▶ WORK TO COMPLETE
Below are entries. Give back exactly the lines from the one containing "Spider Catches a Moth by CharlieFloyd" through the one containing "Dear Mom Birthday", inclusive, without the pictures.

▶ GIVEN RECORDS
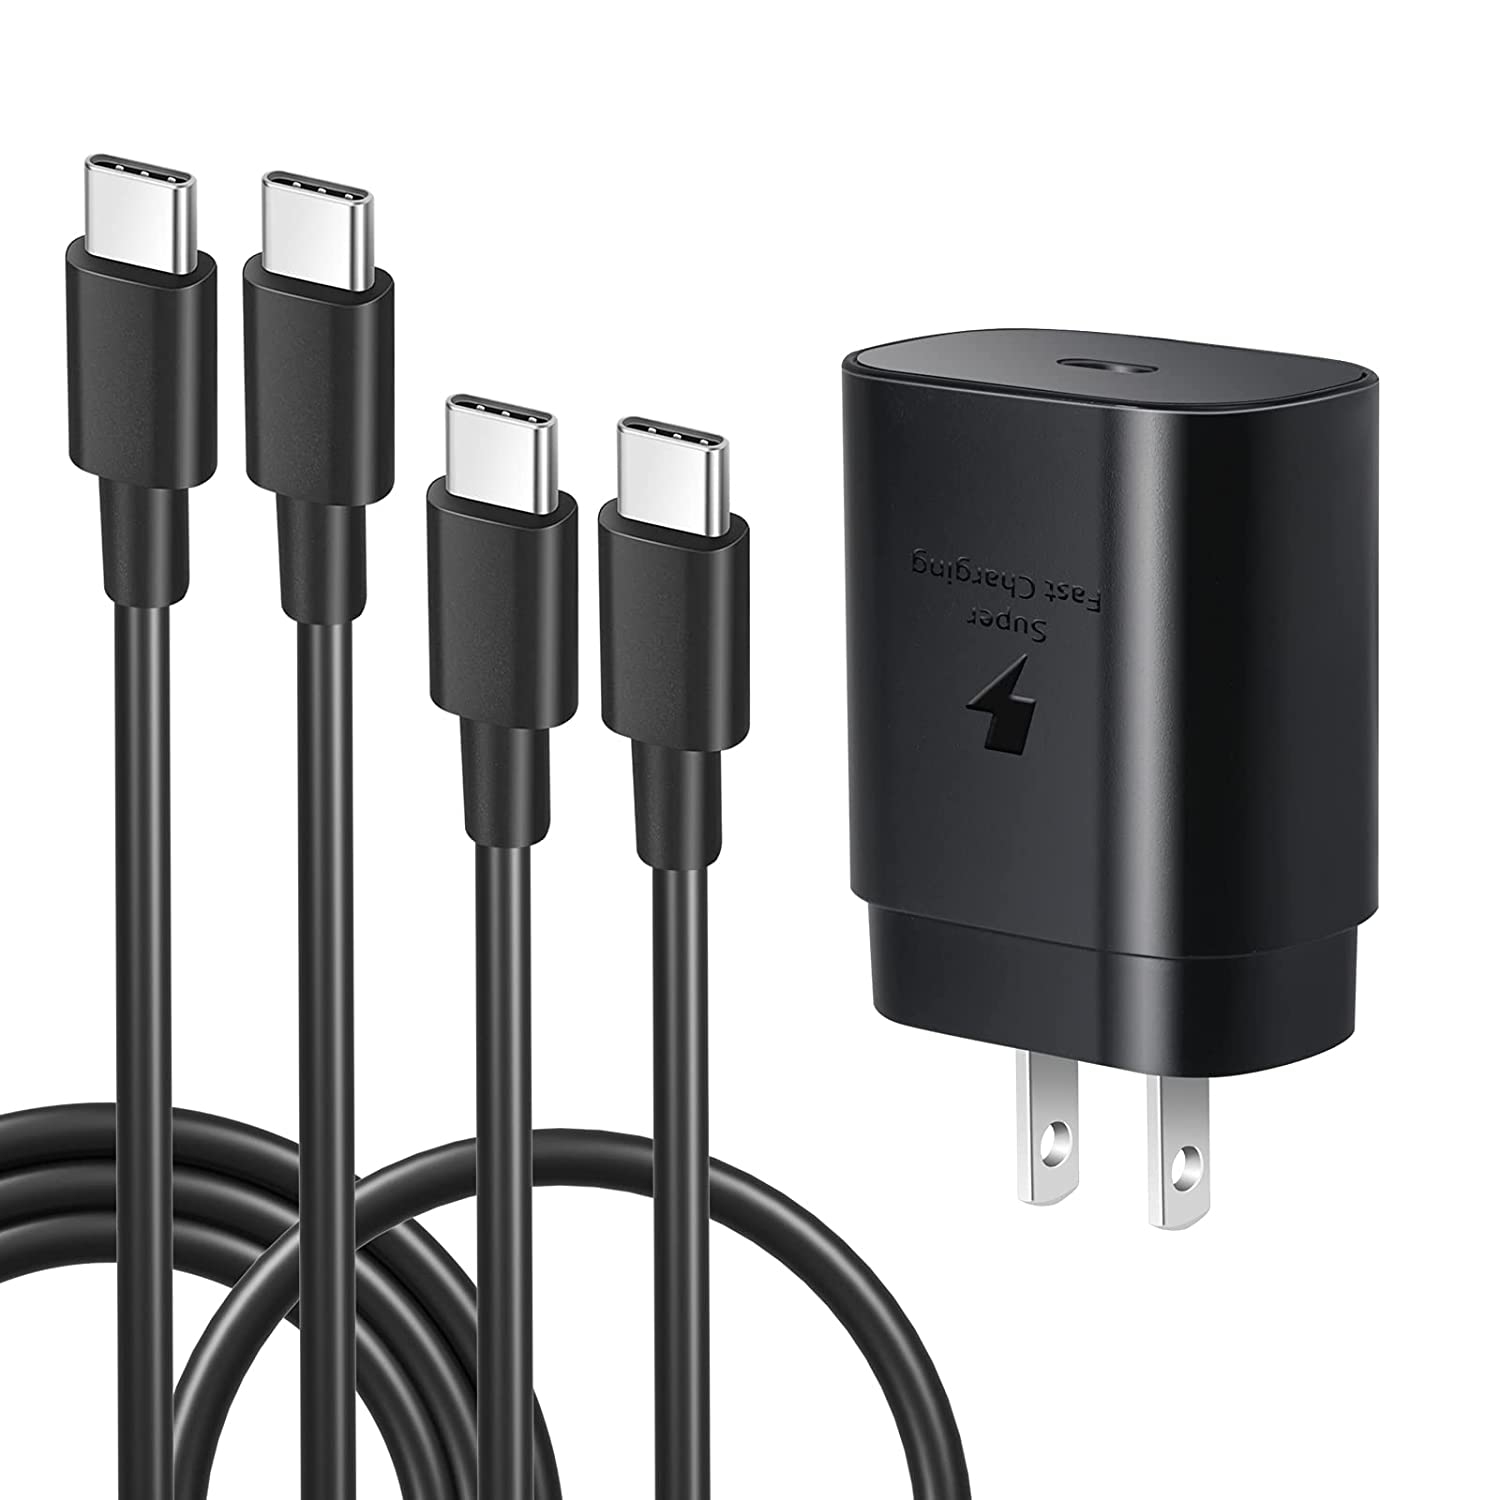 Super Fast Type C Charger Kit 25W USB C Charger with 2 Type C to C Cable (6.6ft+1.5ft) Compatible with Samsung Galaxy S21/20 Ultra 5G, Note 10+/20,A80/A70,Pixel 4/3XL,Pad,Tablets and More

* * *

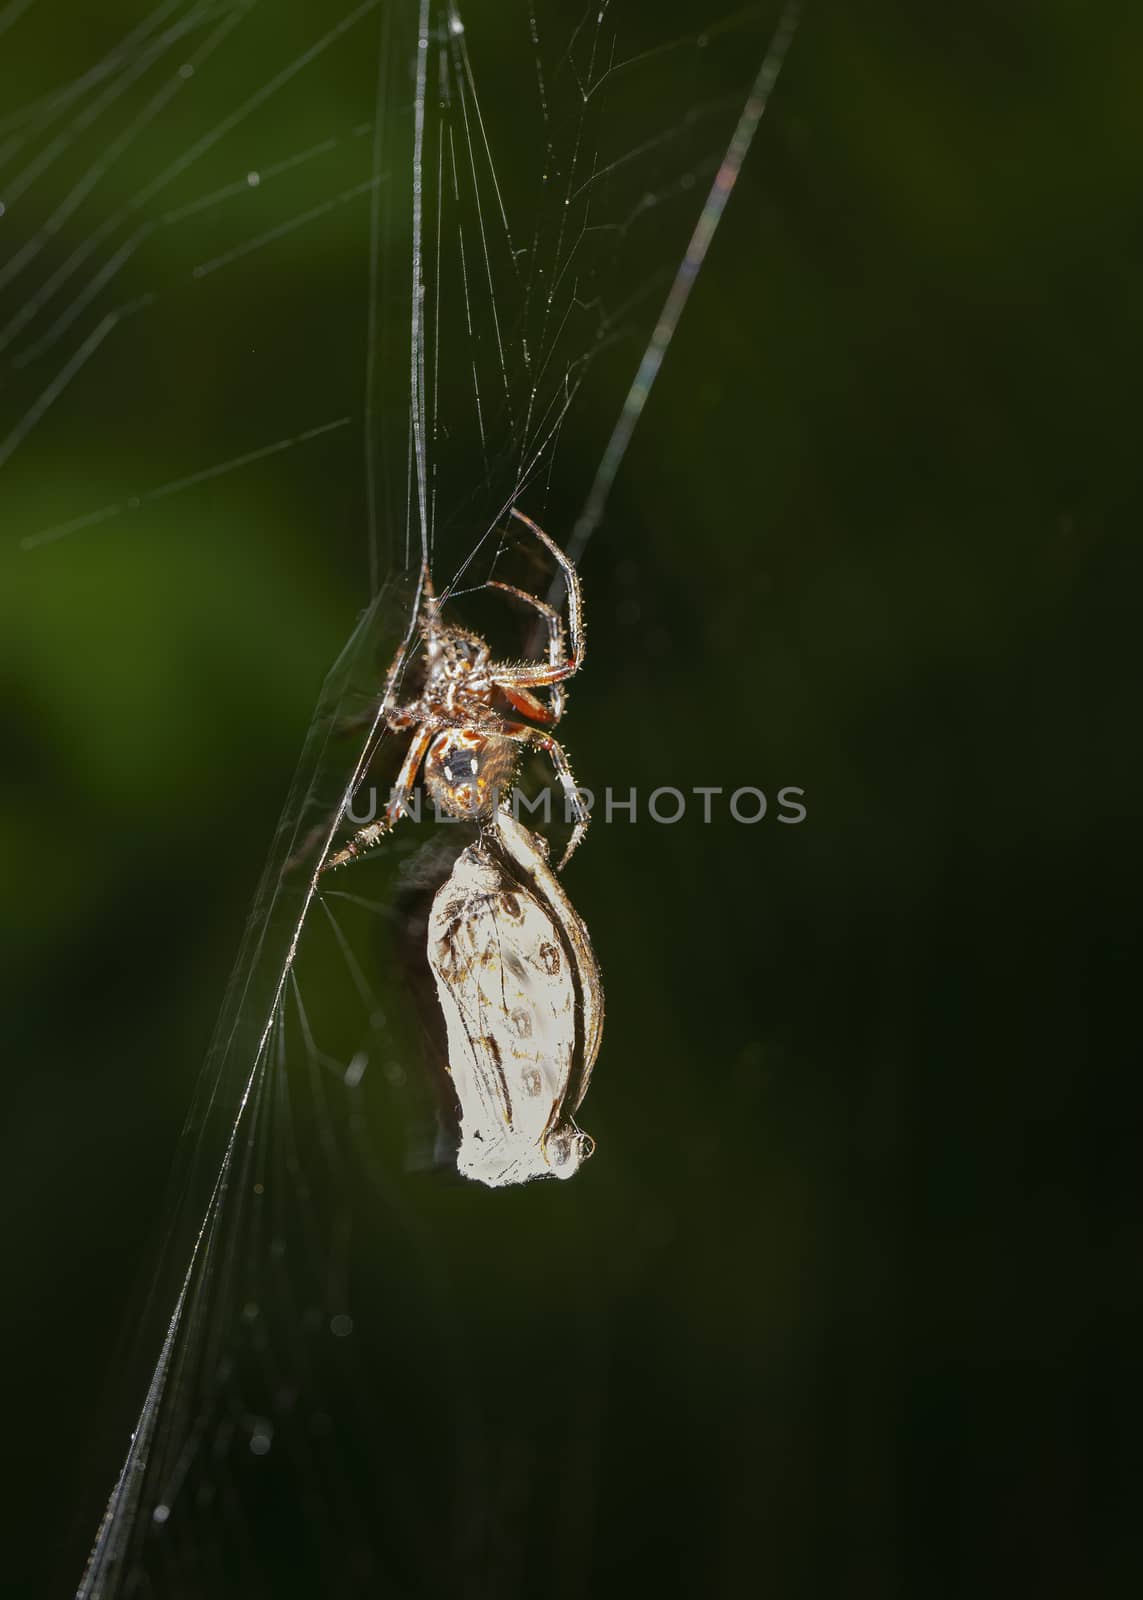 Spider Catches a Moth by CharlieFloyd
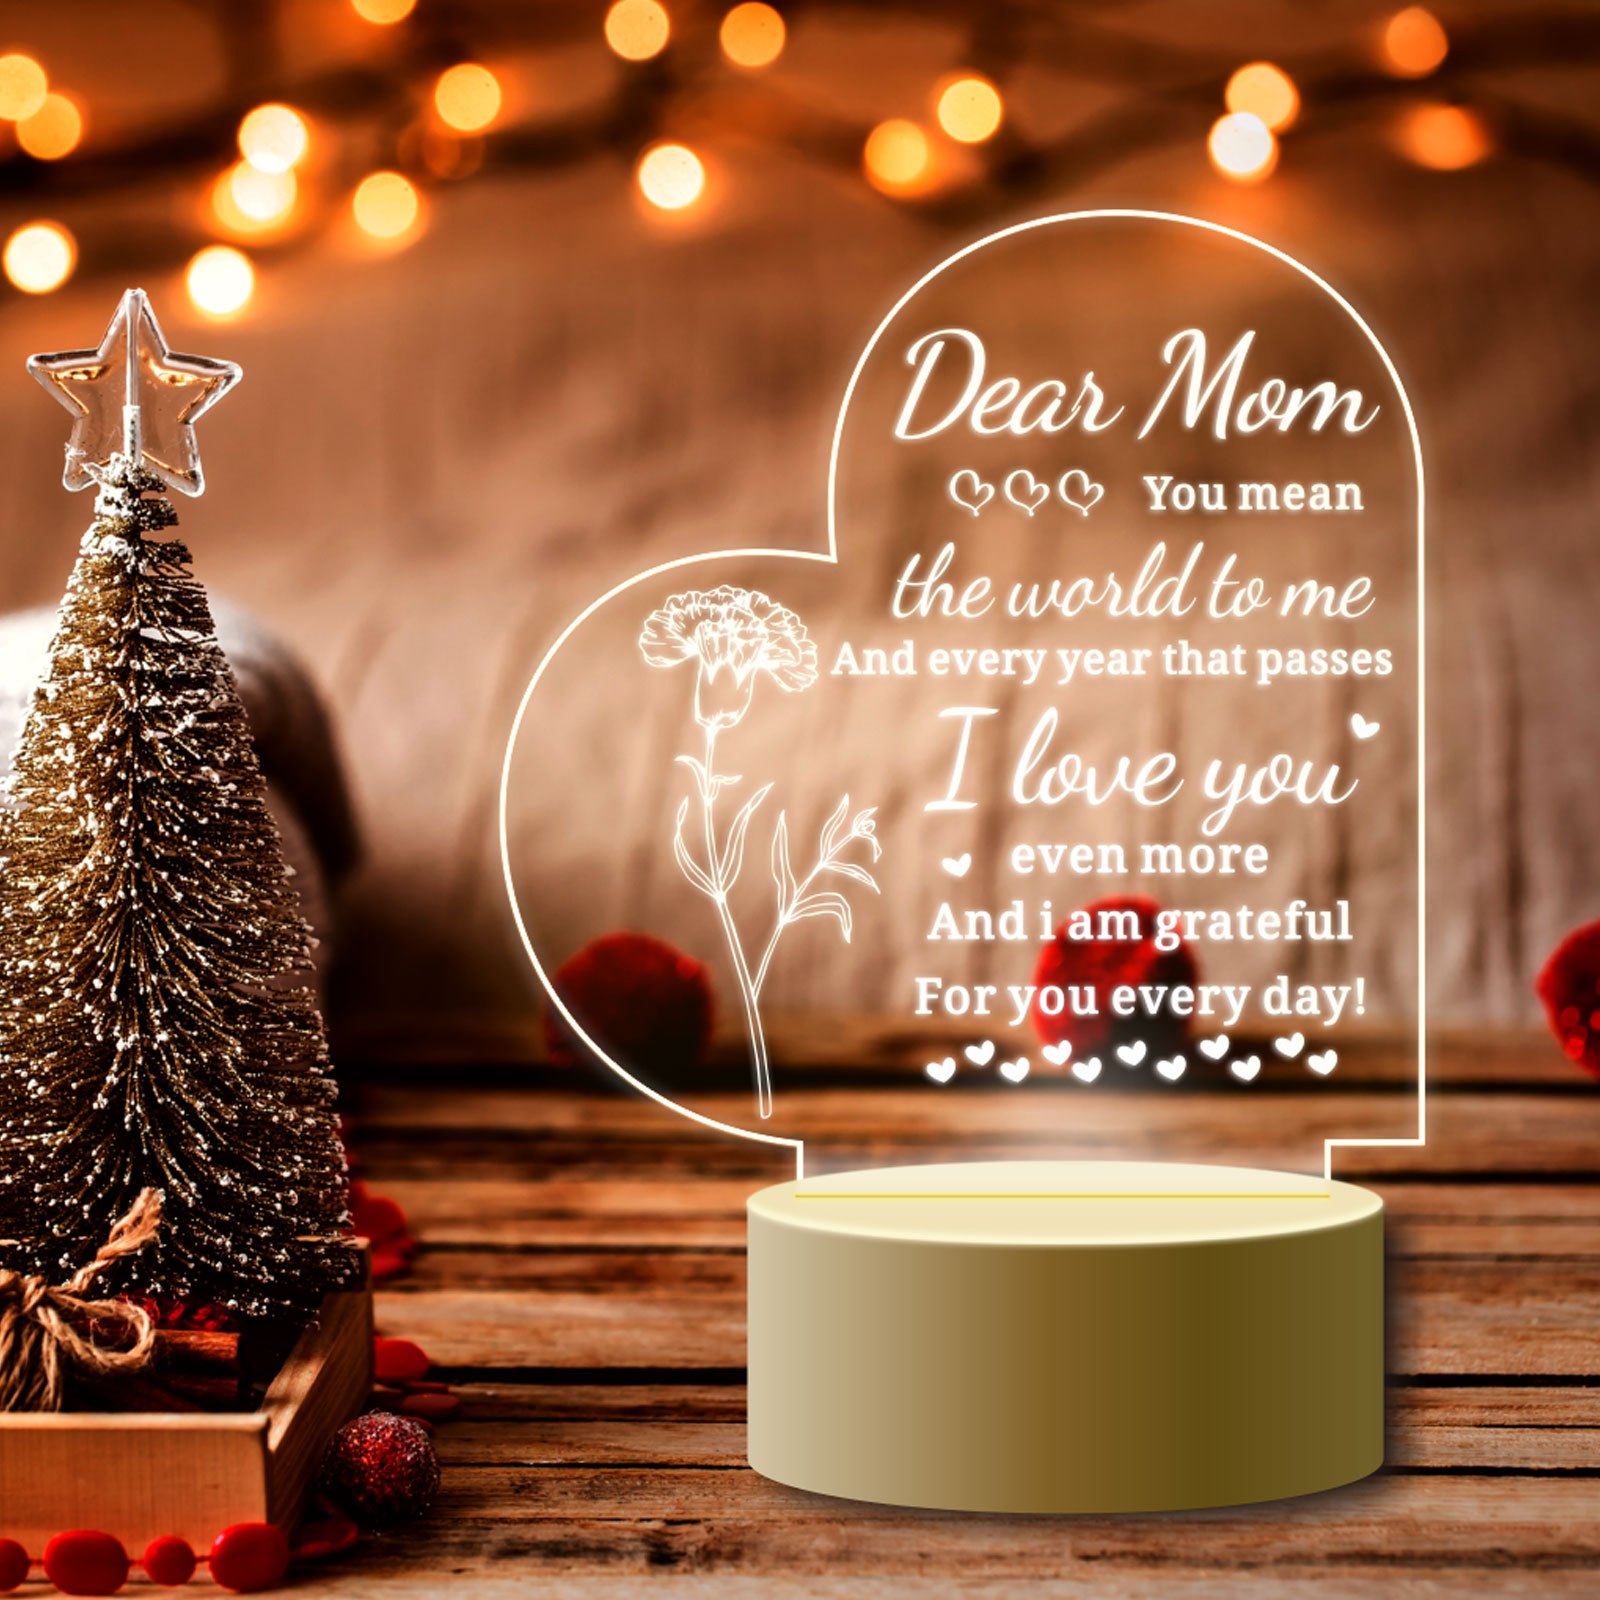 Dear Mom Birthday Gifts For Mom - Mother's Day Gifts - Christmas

▶ ANSWER BELOW
 Spider Catches a Moth by CharlieFloyd
 Dear Mom Birthday Gifts For Mom - Mother's Day Gifts - Christmas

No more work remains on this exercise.